TASK DETAILS.
Each line of the data must be given back verbatim, with pictures removed.

STORED DATA.
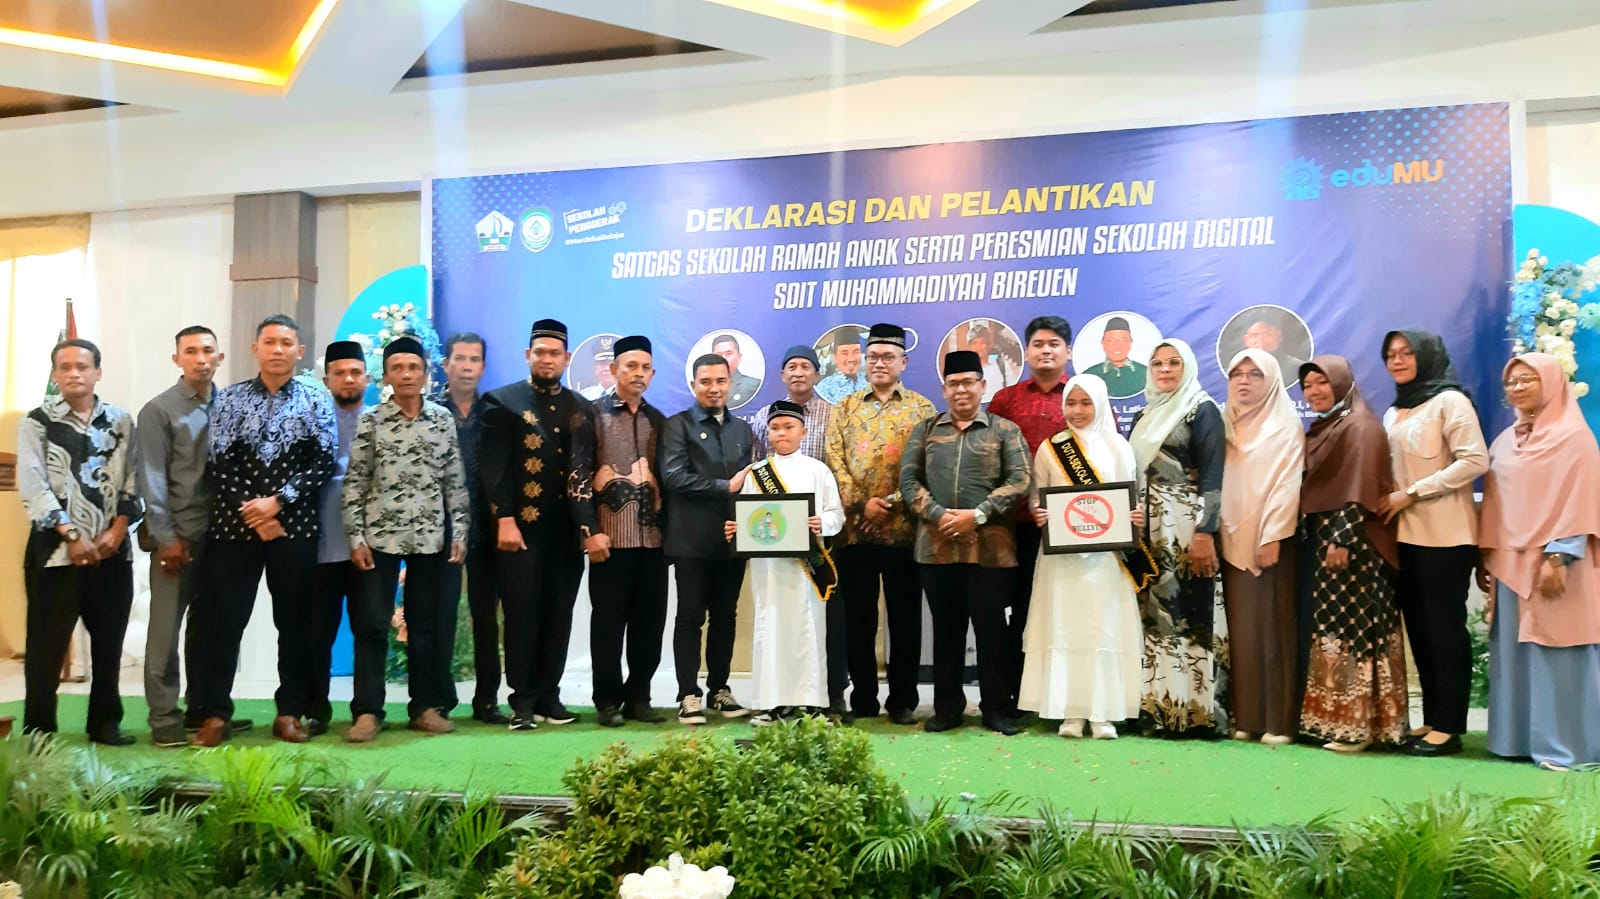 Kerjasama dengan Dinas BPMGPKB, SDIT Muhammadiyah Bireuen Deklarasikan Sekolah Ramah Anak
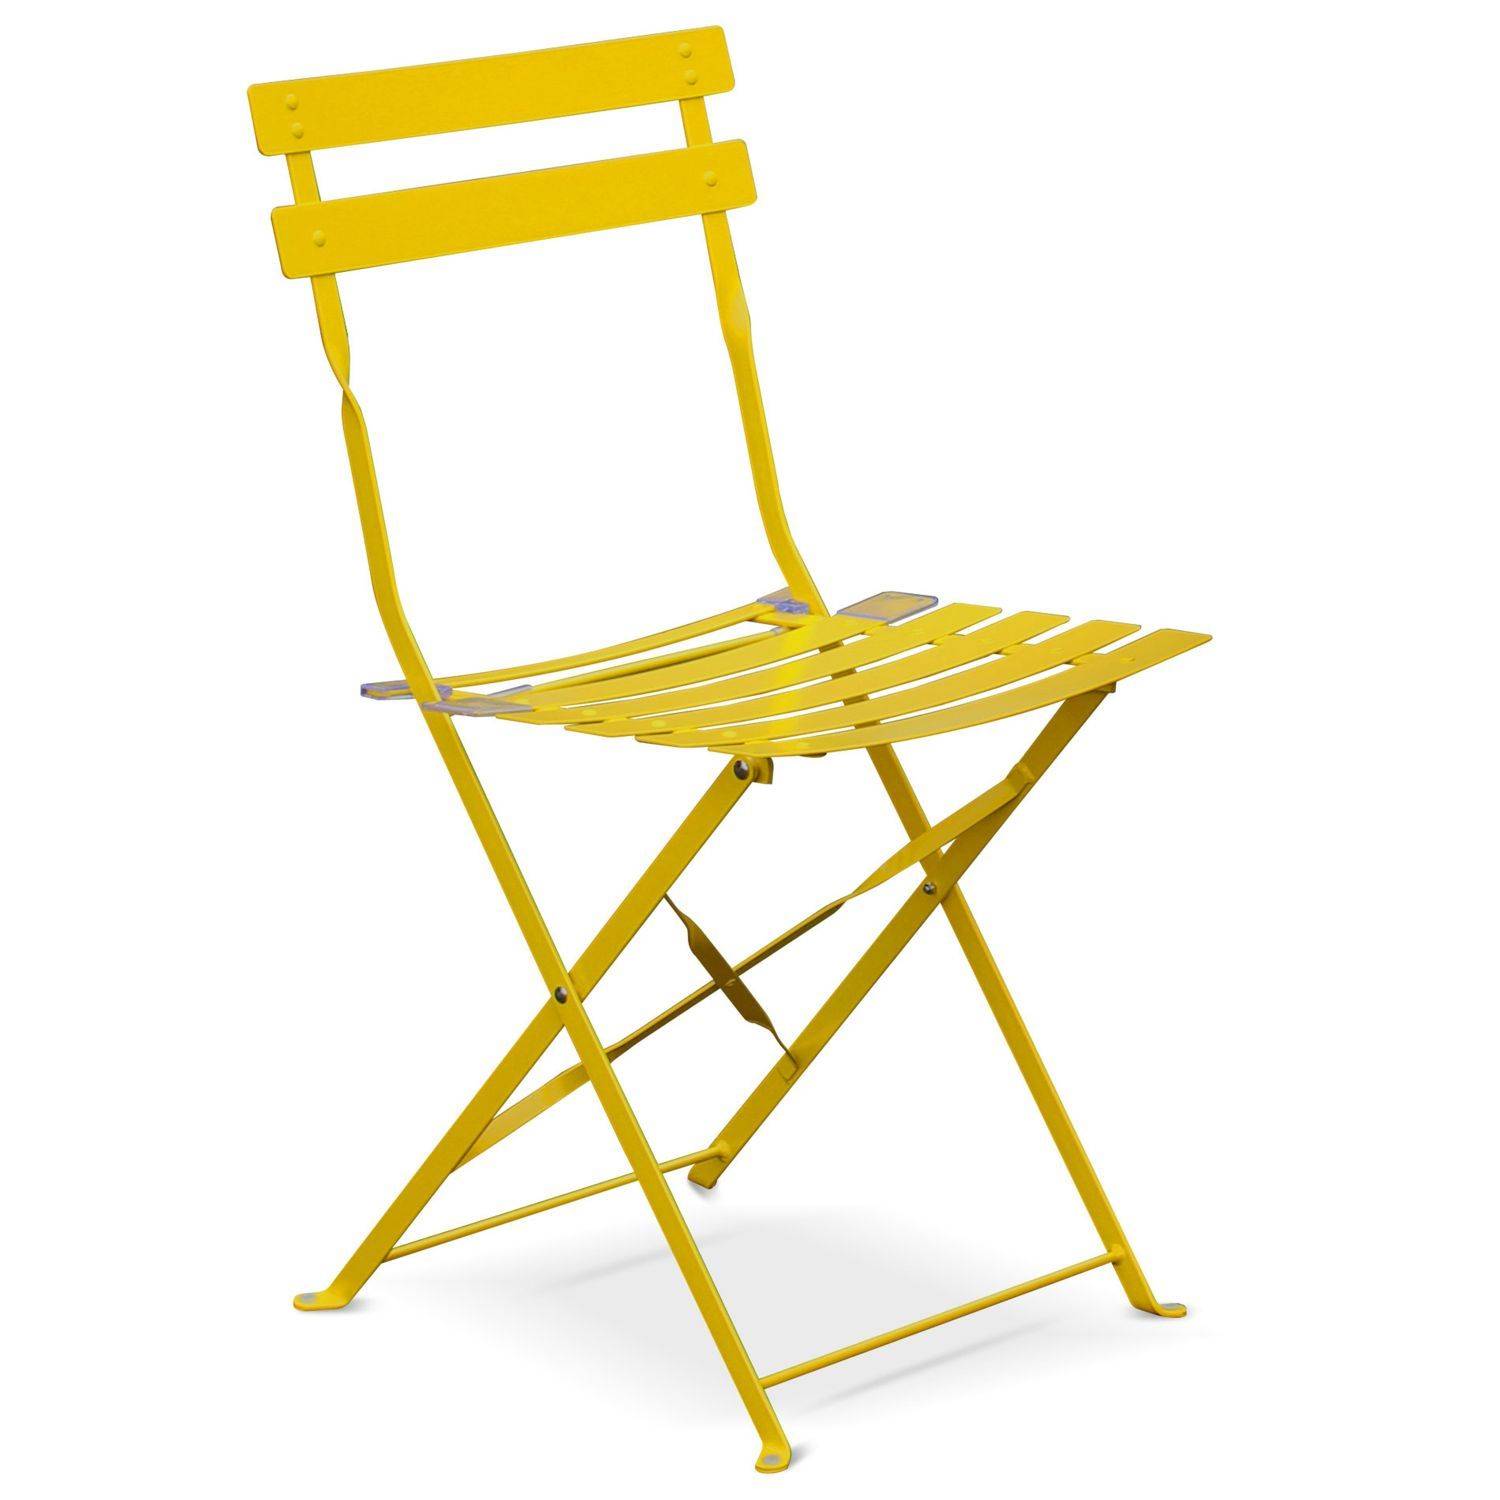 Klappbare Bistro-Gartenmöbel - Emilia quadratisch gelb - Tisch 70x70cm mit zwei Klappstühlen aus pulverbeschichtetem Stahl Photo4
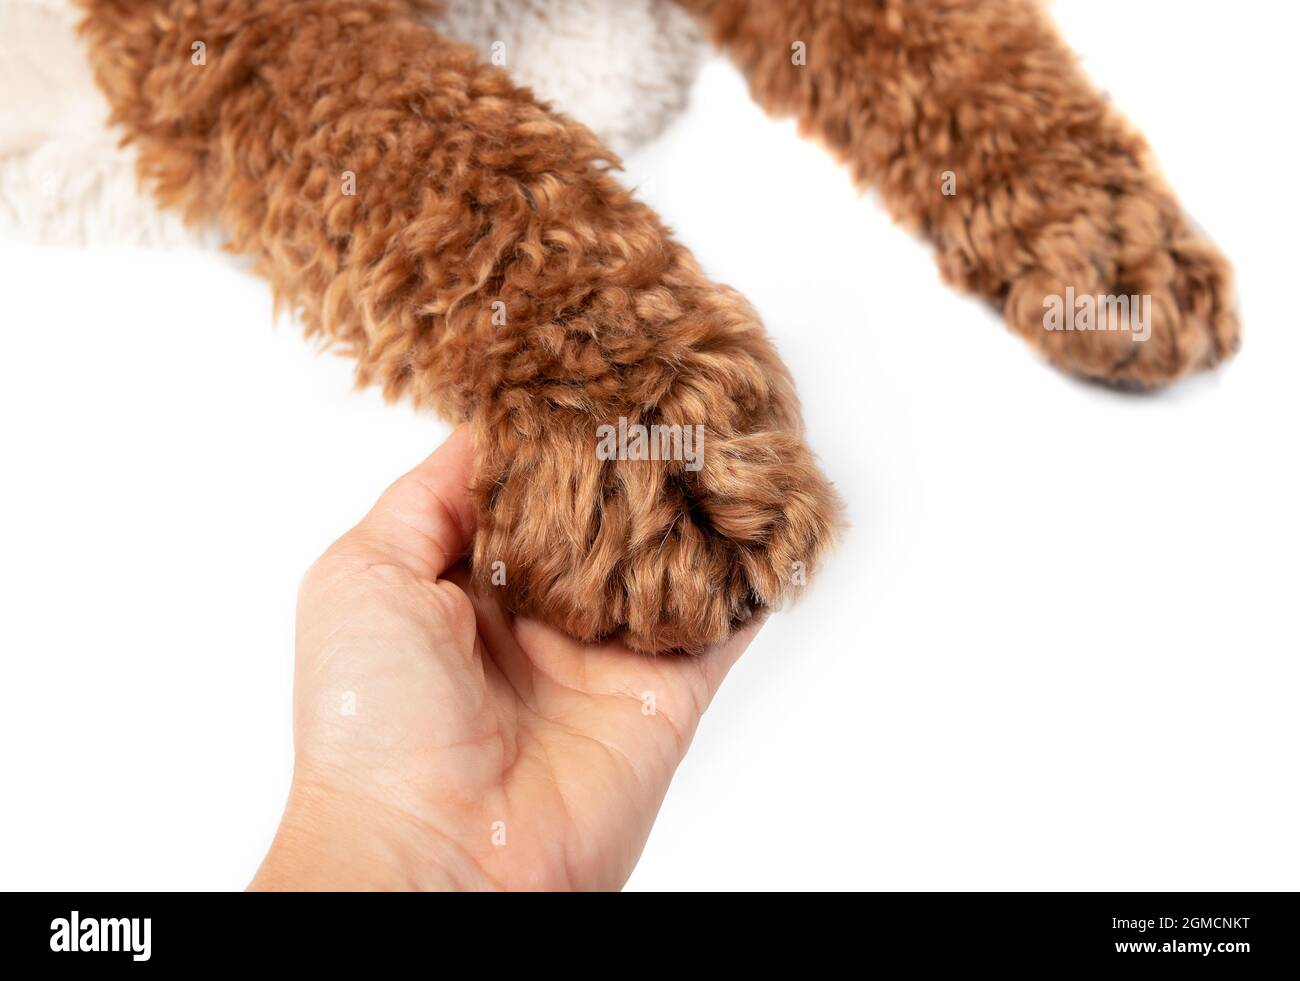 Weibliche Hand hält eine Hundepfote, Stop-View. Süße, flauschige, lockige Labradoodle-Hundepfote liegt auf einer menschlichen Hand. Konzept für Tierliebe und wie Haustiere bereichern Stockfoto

ANSWER AREA.
 Kerjasama dengan Dinas BPMGPKB, SDIT Muhammadiyah Bireuen Deklarasikan Sekolah Ramah Anak
 Klappbare Bistro-Gartenmöbel - Emilia quadratisch gelb - Tisch 70x70cm mit zwei Klappstühlen aus pulverbeschichtetem Stahl Photo4
 Weibliche Hand hält eine Hundepfote, Stop-View. Süße, flauschige, lockige Labradoodle-Hundepfote liegt auf einer menschlichen Hand. Konzept für Tierliebe und wie Haustiere bereichern Stockfoto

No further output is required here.